“There is something,” he continued, “that I wish to ask you. May I?”

She bit her lip, then laughed, her gray eyes searching his. “Ask it, Mr. Burleson, for if I lived a million years I’m perfectly certain I could never guess what you are going to say next.”

“It’s only this,” he said, with a worried look, “I don’t know your first name.”

“Why should you?” she demanded, amused, yet instinctively resentful. “I don’t know yours, either, Mr. Burleson—and I don’t even ask you.”

“Oh, I’ll tell you,” he said; “my name is only John William. Now will you tell me yours?”

She remained silent, coping with a candor that she had not met with since she went to parties in a muslin frock. She remembered one boy who had proposed elopement on ten minutes’ acquaintance. Burleson, somehow or other, reminded her of that boy.

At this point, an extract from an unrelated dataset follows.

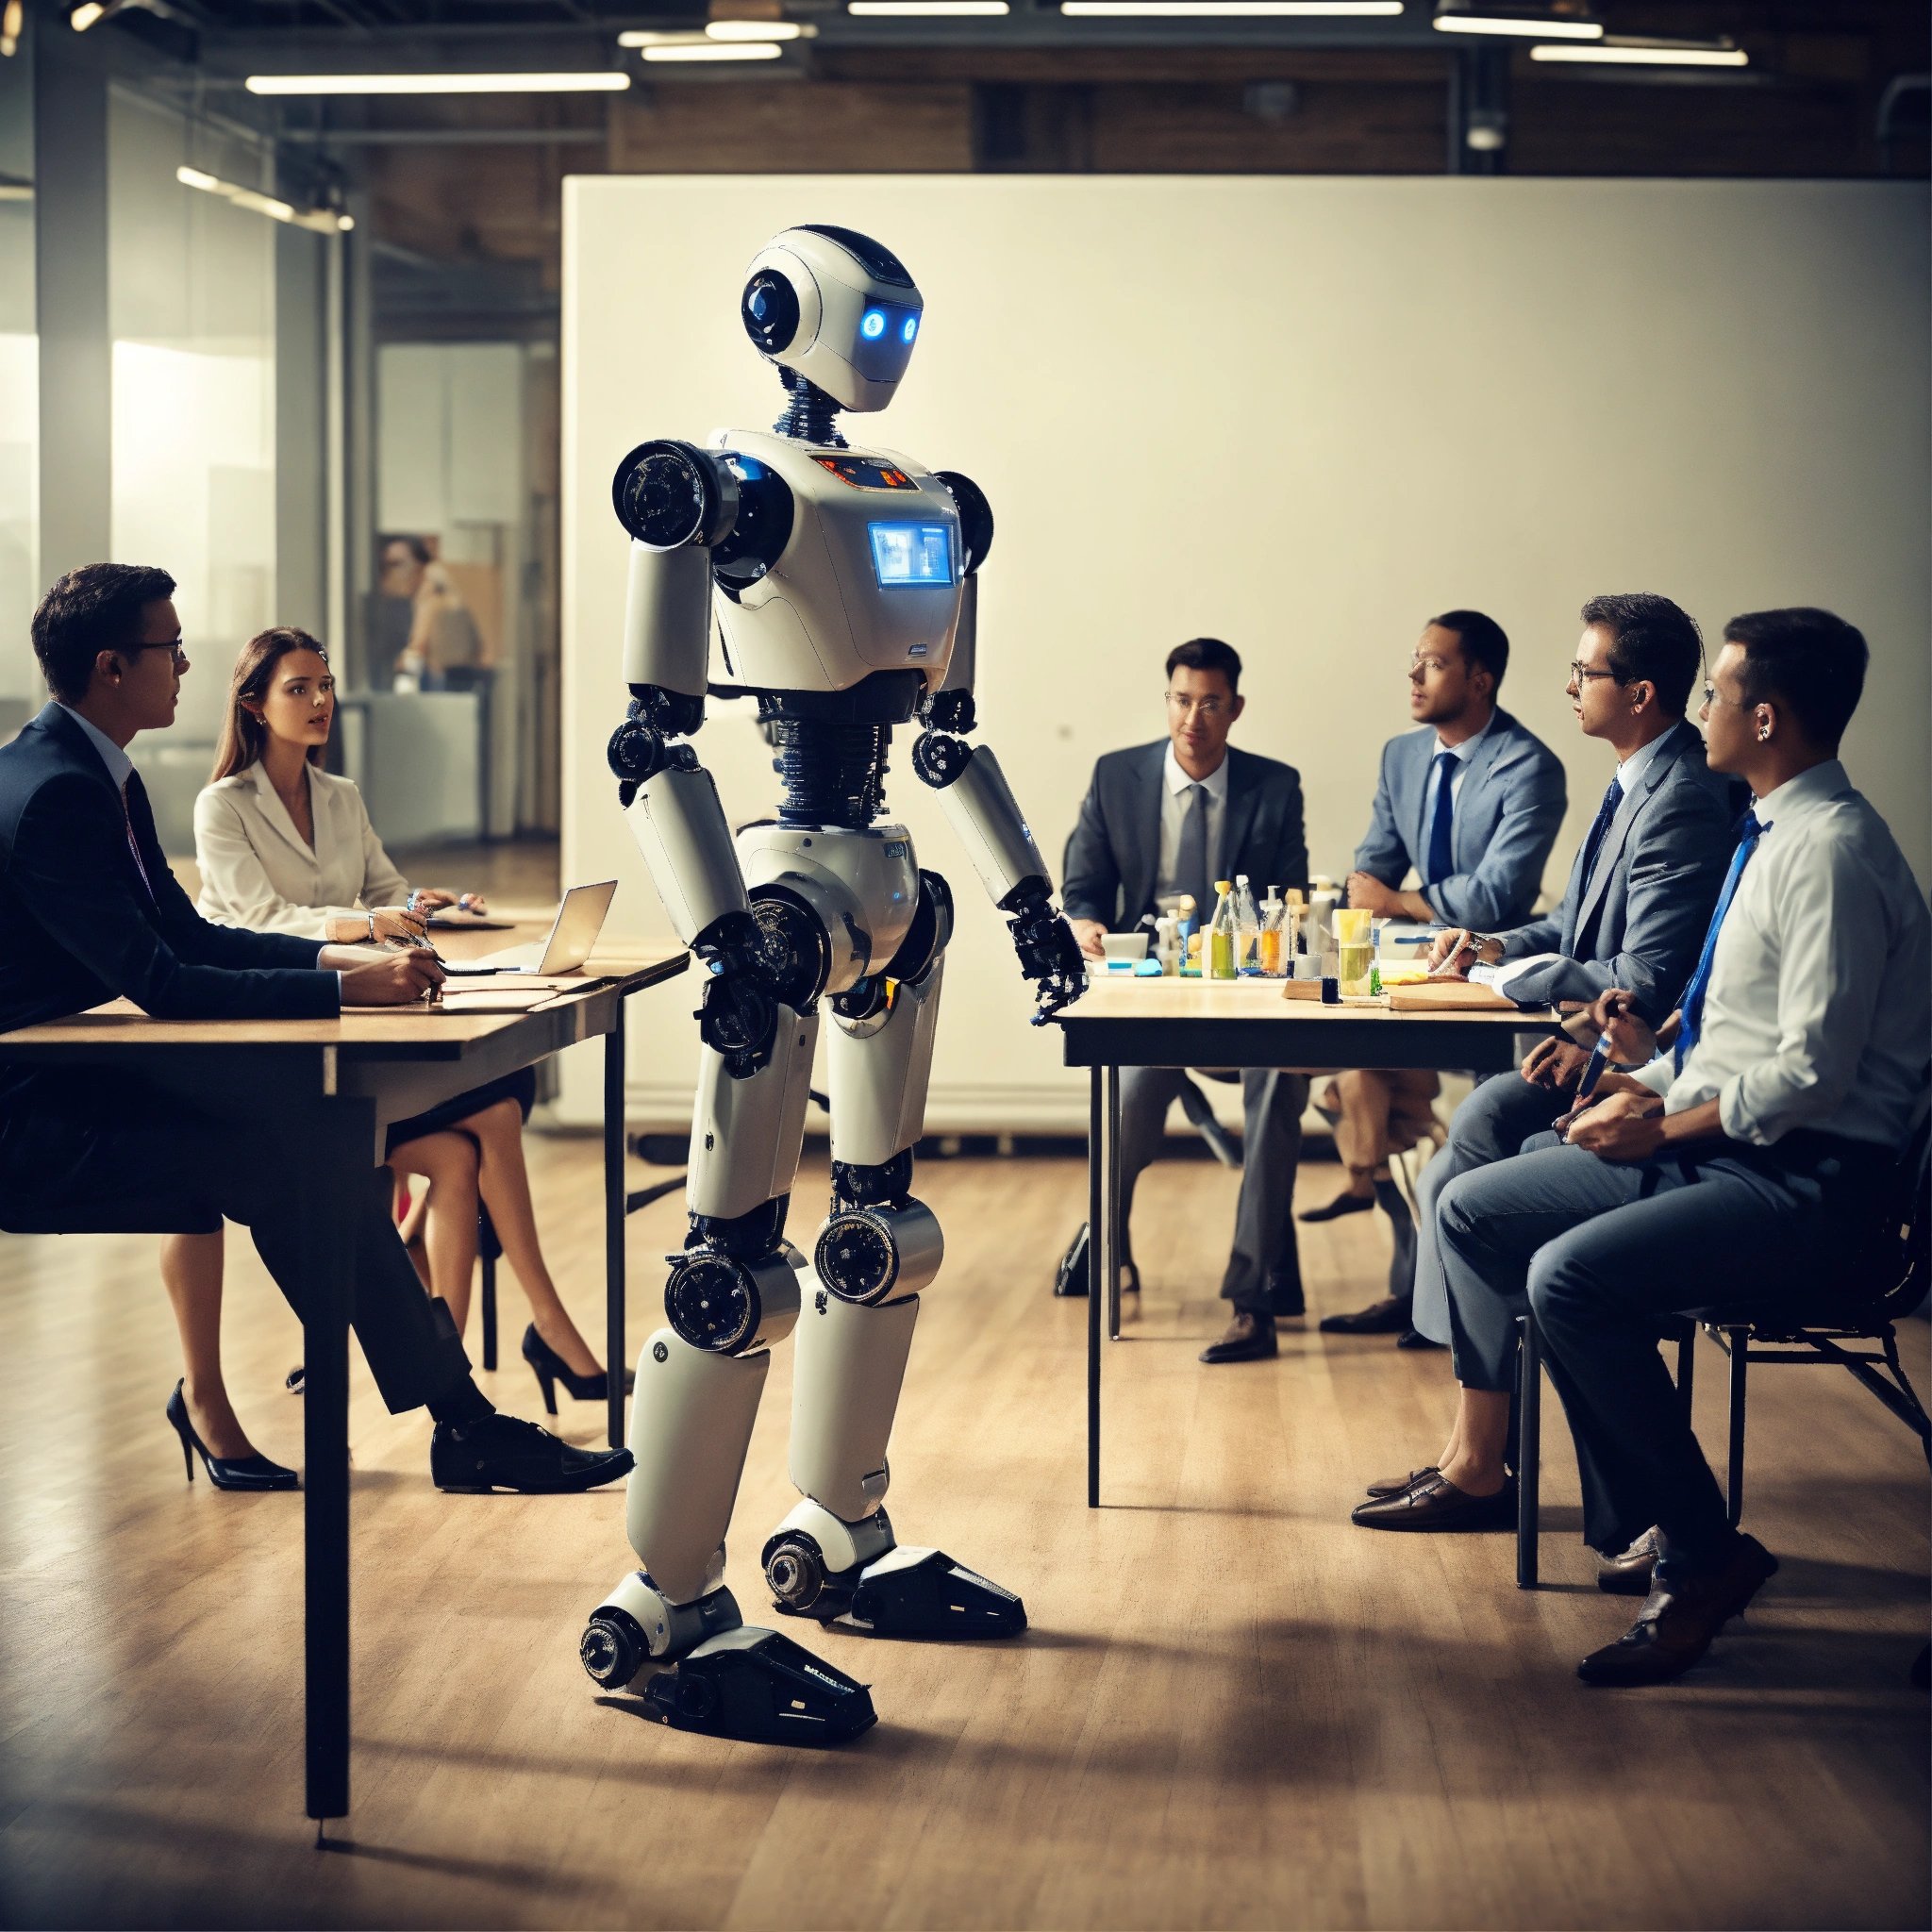 a group of people seated around a table in a modern, well-lit office environment. A humanoid robot with blue eyes and a screen on its chest stands in the middle, seemingly presenting or interacting with the attendees. The faces of the people are obscured for privacy. It’s difficult to determine the exact context of the meeting, but it appears to be a professional setting, possibly a business meeting or presentation.

“My name,” she said, carelessly, “is Constance.”

“I like that name,” said Burleson.

It was pretty nearly the last straw. Never had she been conscious of being so spontaneously, so unreasonably approved of since that wretched boy had suggested flight at her first party. She could not separate the memory of the innocent youth from Burleson; he was intensely like that boy; and she had liked the boy, too—liked him so much that in those ten heavenly minutes’ acquaintance she was half persuaded to consent—only there was nowhere to fly to, and before they could decide her nurse arrived.

“If you had not told me your first name,” said Burleson, “how could anybody make out a check to your order?”